Add all the smoothie bowl ingredients to the pitcher of a high speed blender and puree until smooth but still thick.

Pour the smoothie bowl base into a bowl and top with fresh chopped fruit, granola, flaked coconut or nuts.

two bowls of Pitaya smoothie bowls with fresh fruit on top

Tips for Making Smoothie Bowls

  • Your Pitaya Bowl is best if enjoyed as soon as you make it. If you want to make it in advance, pour the smoothie base into individual containers and freeze without the toppings. To eat later, allow the smoothie bowl to thaw for 10-15 minutes and give it a stir before adding your toppings.
  • Customize your own smoothie bowl by trying other fruits like mango, apple, papaya and kiwi. Sometimes I like to add a beet to amp up the nutrition factor.

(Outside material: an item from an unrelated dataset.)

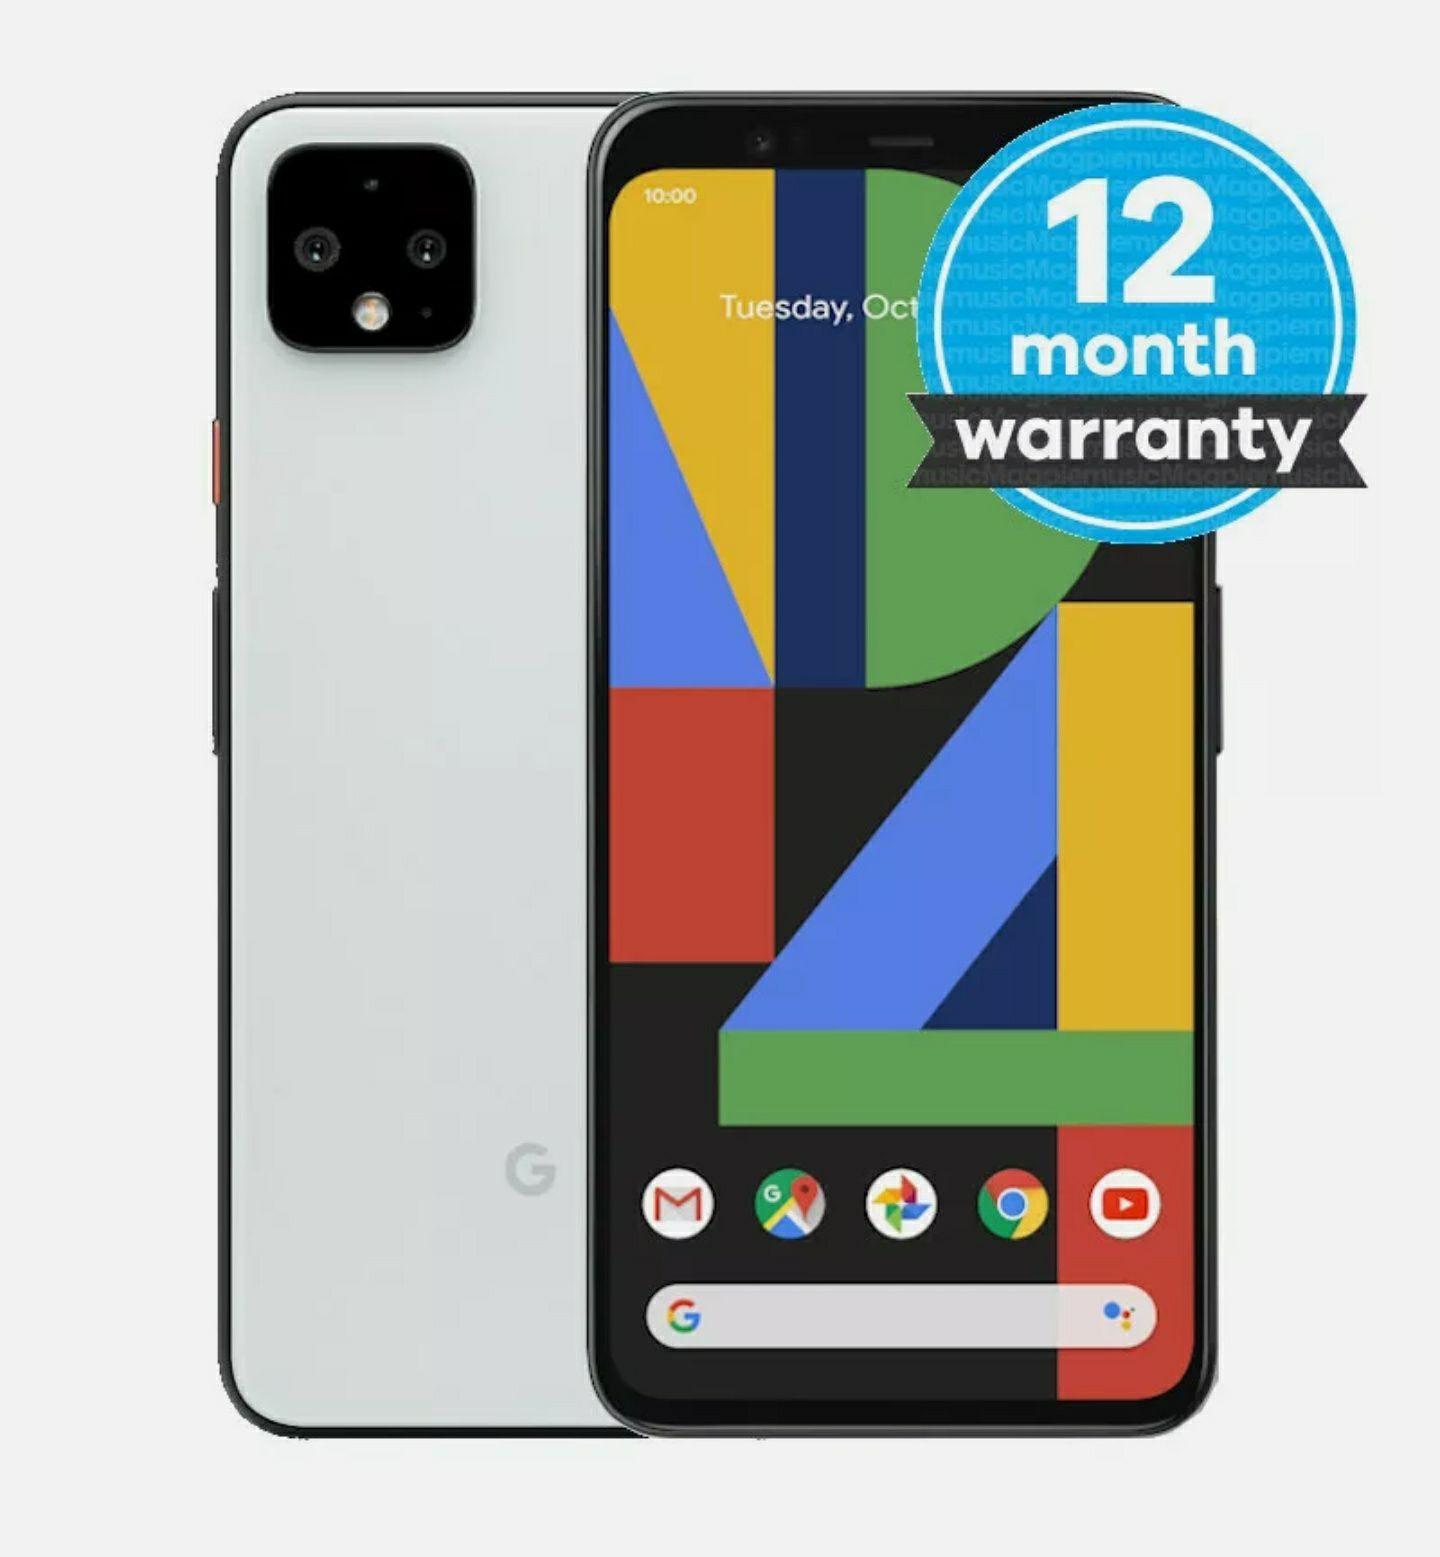 Google Pixel 4 64GB Unlocked Smartphone In Refurbished Good Condition Black / White - £281.51 @ Music Magpie / Ebay

Beets provide tremendous energy and oodles of antioxidants!
  • If you can’t have dairy or are looking to make a vegan smoothie bowl, simply substitute your favorite dairy-free yogurt.
  • Keep the sugar low by skipping the honey. I find if I add a super ripe banana there’s no need to add honey or other sweeteners.
Overhead shot of two pitaya smoothie bowls on a wicker mat with a cut up dragon fruit on the side.

Toppings for Smoothie Bowls

You can really top your smoothie bowl with just about anything you want. Here are a few of my favorite toppings:

  • Chocolate chips, butterscotch chips, vanilla chips
  • Coconut Flakes
  • Homemade Granola
  • Fresh berries
  • Sliced Banana
  • Flax Seed or Chia Seeds
  • Peanut Butter
  • Honey
  • Pineapple
  • Nuts like macadamia, almonds, walnuts or pine nuts

You’re only limited by your own imagination here……remember, eat the rainbow so look for a variety of colors and shapes to make your Pitaya Bowl interesting.

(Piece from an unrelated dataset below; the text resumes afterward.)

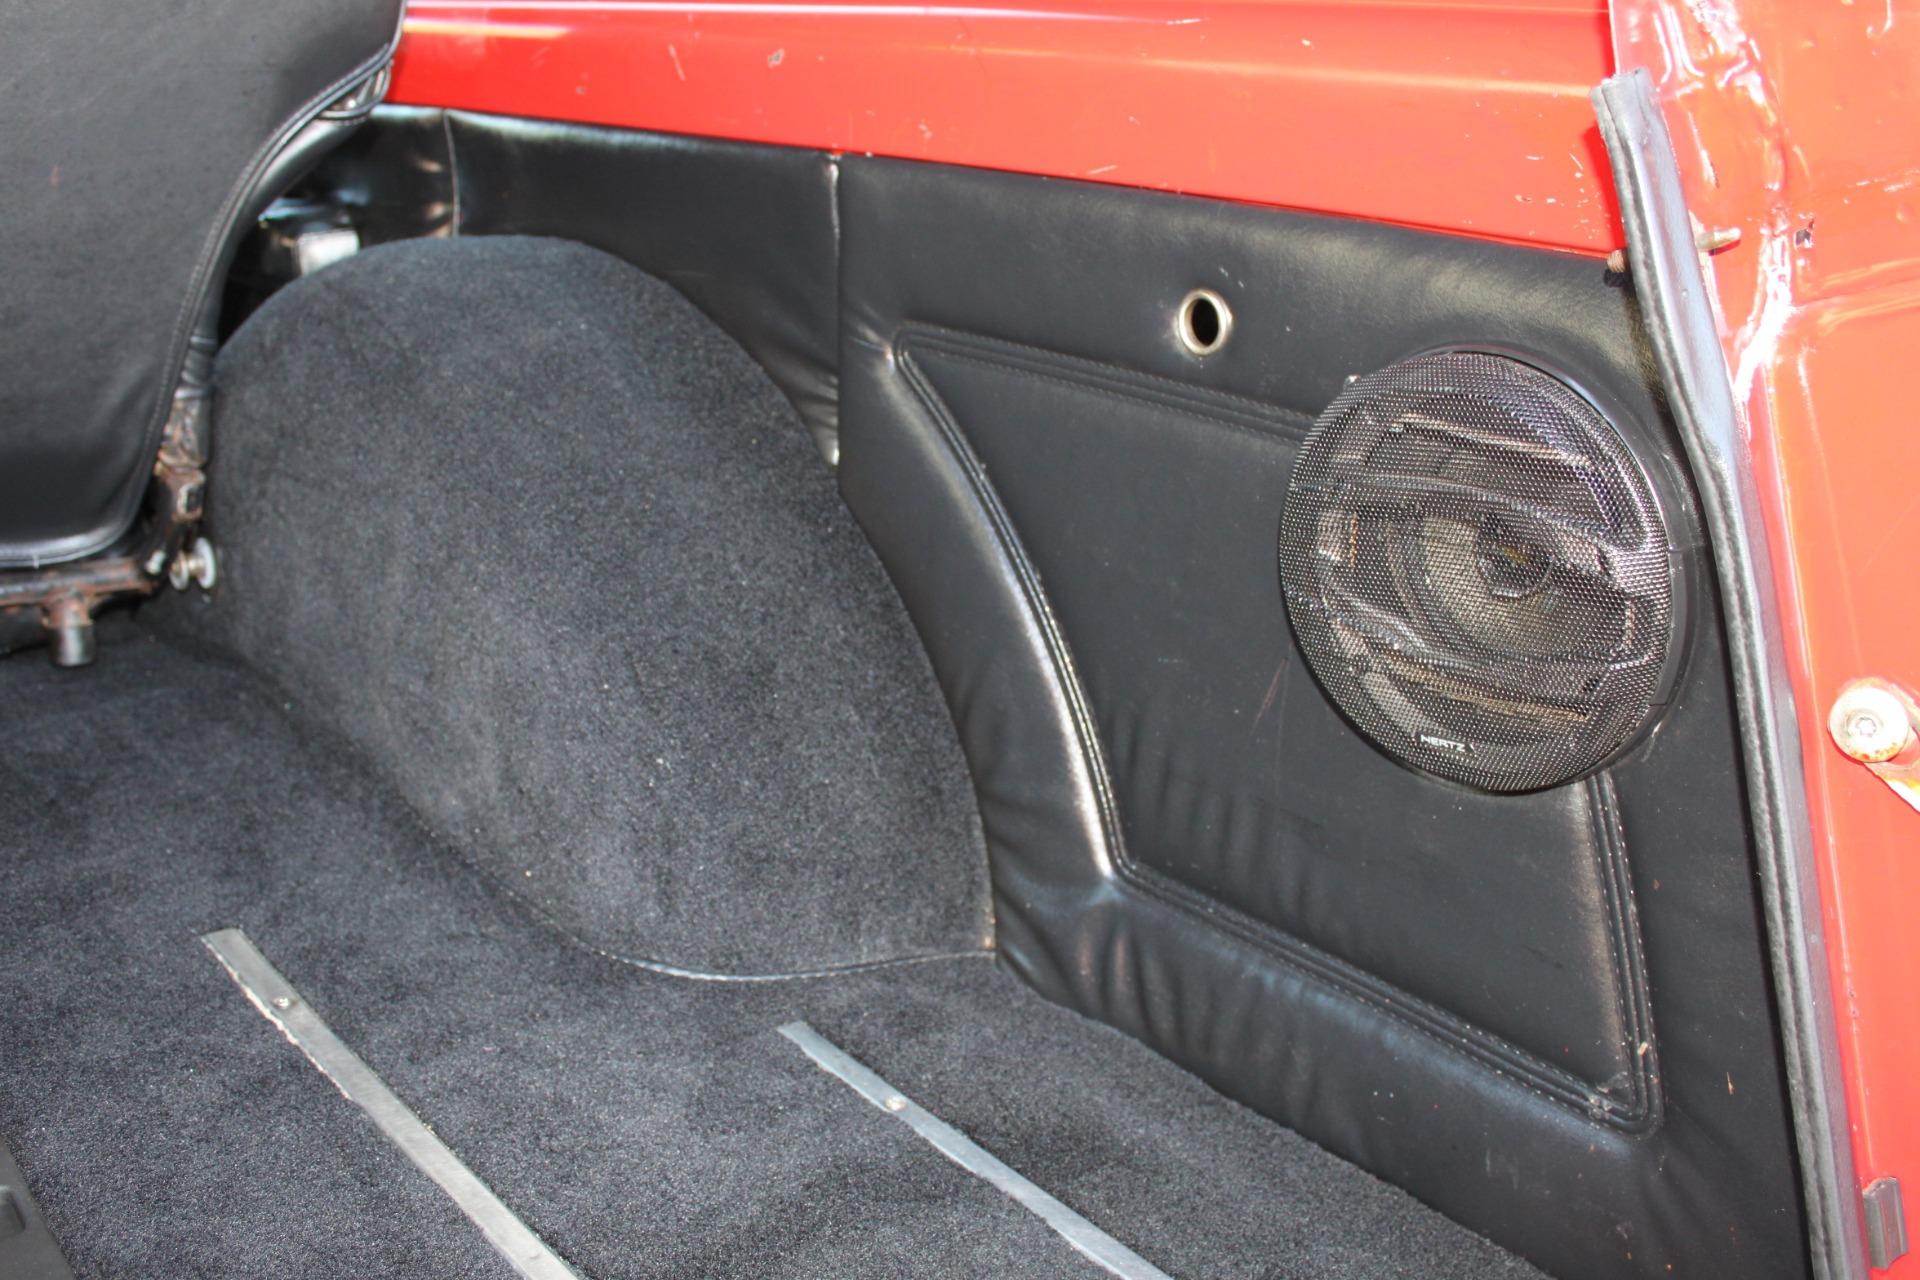 Used-1983-Jeep-Cherokee-Chief-4WD-Mini

And that’s it! How easy is that and now you can save tons of money by not visiting the local smoothie bowl joint down the street several times a week.

Close up of Pitaya smoothie bowl with fresh fruit on top.


More Smoothie Recipes

overhead shot of pitaya bowl smoothie bowl with blueberries, kiwi, coconut and raspberries.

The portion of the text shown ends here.